Europe is the clearest illustration of what this looks like in practice, though it stands in for most of the world. The EU has genuine regulatory ambitions, has passed the AI Act, and has the institutional capacity to at least attempt coordinated action. And yet European governments look at the energy infrastructure, compute investment, and capital availability in the United States and China and recognize that their regulatory environment and capital markets structurally cannot match it. Even careful deliberation of a few months may now be disqualifying in this race. Nations with fewer institutional resources than Europe, which is most of them, don't have that choice to make. They're largely observers of a contest whose outcome will shape their future regardless.
What makes all of this genuinely unsettling isn't just the technology. It's the timeline. We moved from debating AI's impact on employment to confronting its implications for critical infrastructure security in roughly twelve months. Democracies don't build international consensus in twelve months. Regulatory frameworks don't form in twelve months. Public understanding certainly doesn't shift that quickly, which is why a meaningful portion of the population still thinks of these systems primarily as sophisticated text generators. That perception gap matters, because the political will to address a problem depends on people first understanding what the problem actually is.
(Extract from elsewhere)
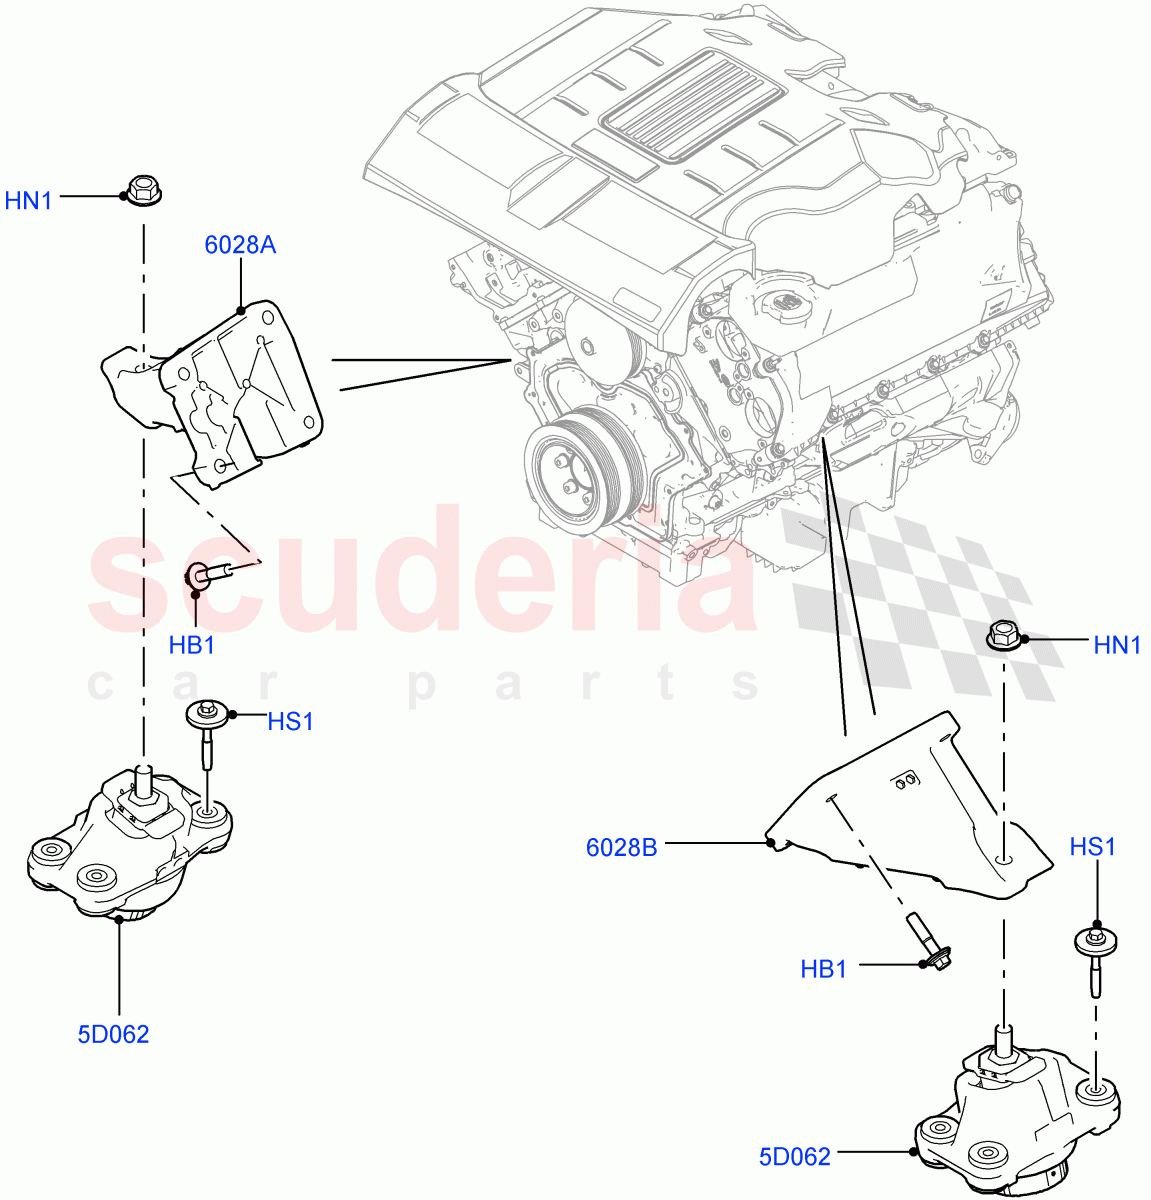 Engine Mounting(3.0L DOHC GDI SC V6 PETROL,5.0L OHC SGDI SC V8 Petrol - AJ133,5.0 Petrol AJ133 DOHC CDA,5.0L P AJ133 DOHC CDA S/C Enhanced) of Land Rover Land Rover Range Rover Sport (2014+) [4.4 DOHC Diesel V8 DITC]

Something comparable to Mythos will arrive from another lab soon enough, perhaps developed somewhere less concerned with coordinated defense. And worth noting as a final layer of sobriety: quantum computing, still a few years from practical deployment at scale, is advancing faster than most expected. Researchers are increasingly confident it will dramatically amplify AI capabilities when it arrives, compressing already-short development cycles further. If the current pace feels difficult to govern, it's worth asking what governance looks like when that acceleration arrives.
The question worth sitting with isn't what we do about this specific model. It's whether we're capable of building the kind of global coordination this moment requires, at the speed it requires. We've never had to do that before. A year ago, we were debating whether AI would write your emails.
What will we be debating a year from now?